The goal of the MDR subtask is to assess the probability of a TB patient having a resistant form of tuberculosis based on the analysis of a chest CT. Compared to 2017, datasets for the MDR detection subtask were extended by means of adding several cases with extensively drug-resistant tuberculosis (XDR TB), which is a rare and the most severe subtype of MDR TB.
The goal of the TBT subtask is to automatically categorize each TB case into one of the following five types: Infiltrative, Focal, Tuberculoma, Miliary, and Fibro-cavernous. The SVR subtask is dedicated to assess the TB severity based on a single CT image of a patient. The severity score is the results of a cumulative score of TB severity assigned by a medical doctor.
4.2 Dataset
For all three subtasks 3D CT volumes were provided with a size of \(512 \times 512\) pixels and number of slices varying from 50 to 400. All CT images were stored in the NIFTI file format with .nii.gz file extension (g-zipped .nii files). This file format stores raw voxel intensities in Hounsfield Units (HU) as well as the corresponding image metadata such as image dimensions, voxel size in physical units, slice thickness, etc. For all patients automatically extracted masks of the lungs were provided. The details of the lung segmentation used can be found in [9].

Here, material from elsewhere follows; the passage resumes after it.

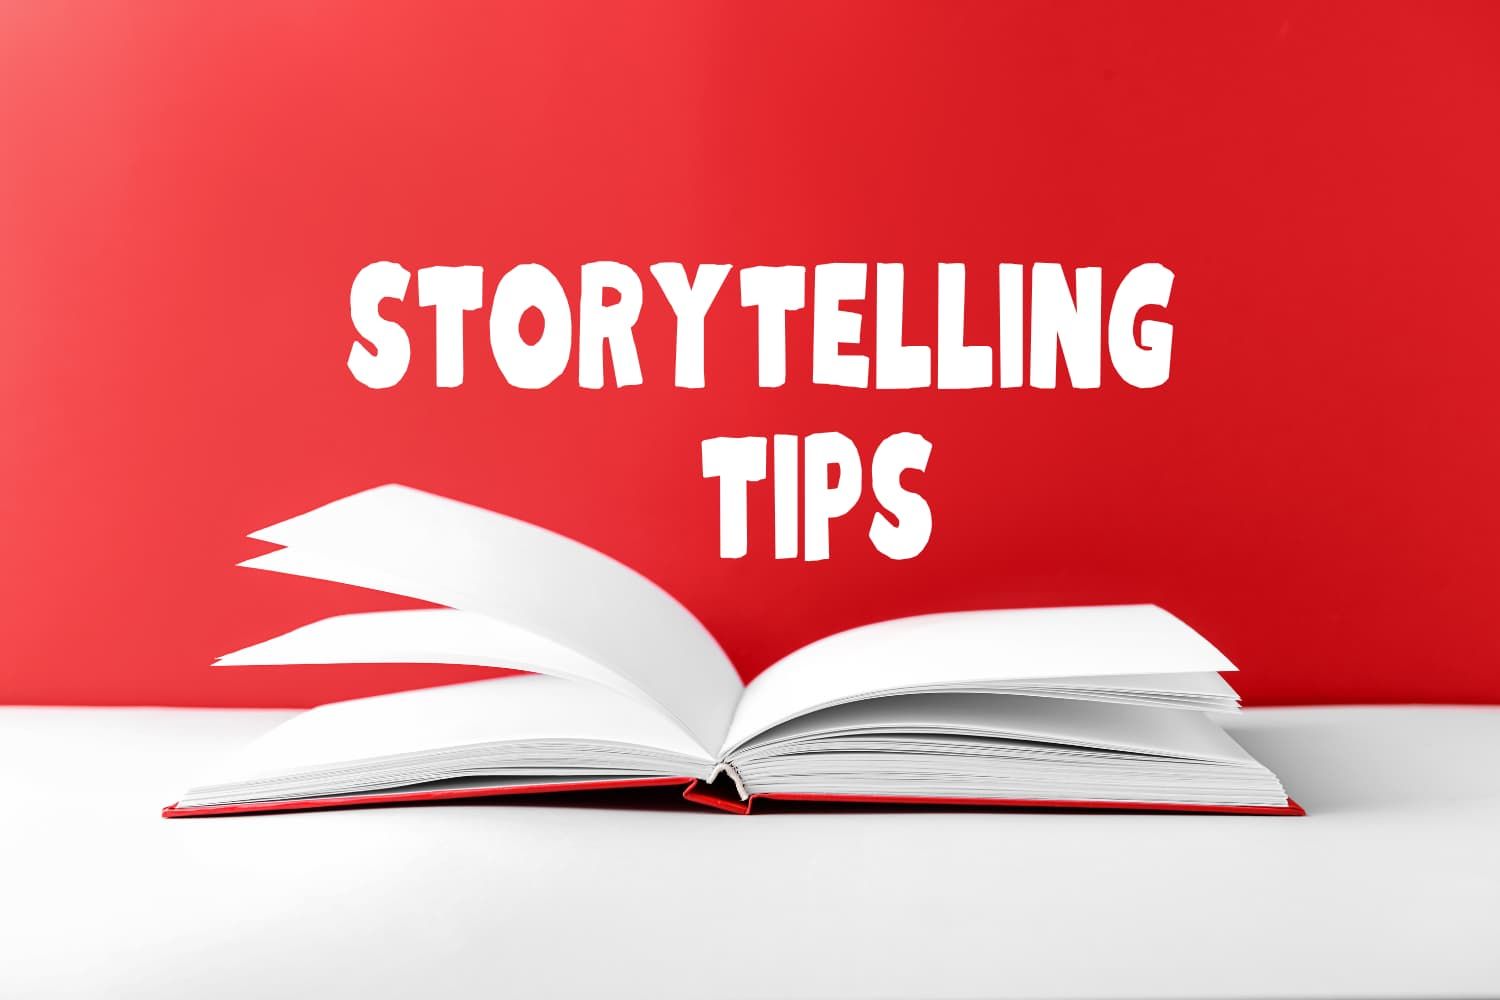 Storytelling%20tips%20-%20NT%20The%20pharisee%20and%20the%20tax%20collector%20-%20Teaching%20the%20parable%20of%20the%20tax%20collector%20and%20pharisee-bb2ec4e5 Jesus (of Nazareth)

Tables 4, 5 and 6 present for each of the subtasks the division of the datasets between training and test sets (columns), and the corresponding ground truth labels (rows). The dataset for the MDR subtask was composed of 262 MDR and 233 Drug-Sensitive (DS) patients, as shown in Table 4. In addition to CT image data, age and gender for each patient were provided for this subtask. The TBT task contained in total 1,513 CT scans of 994 unique patients divided as shown in Table 5. Patient metadata includes only age. The dataset for the SVR subtask was represented by a total number of 279 patients with a TB severity score assigned for each case by medical doctors. The scores were presented as numbers from 1 to 5, so for a regression task. In addition, for the 2-class prediction task the severity labels were binarized so that scores from 1 to 3 corresponded to “high severity” and 4–5 corresponded to “low severity” (see Table 6).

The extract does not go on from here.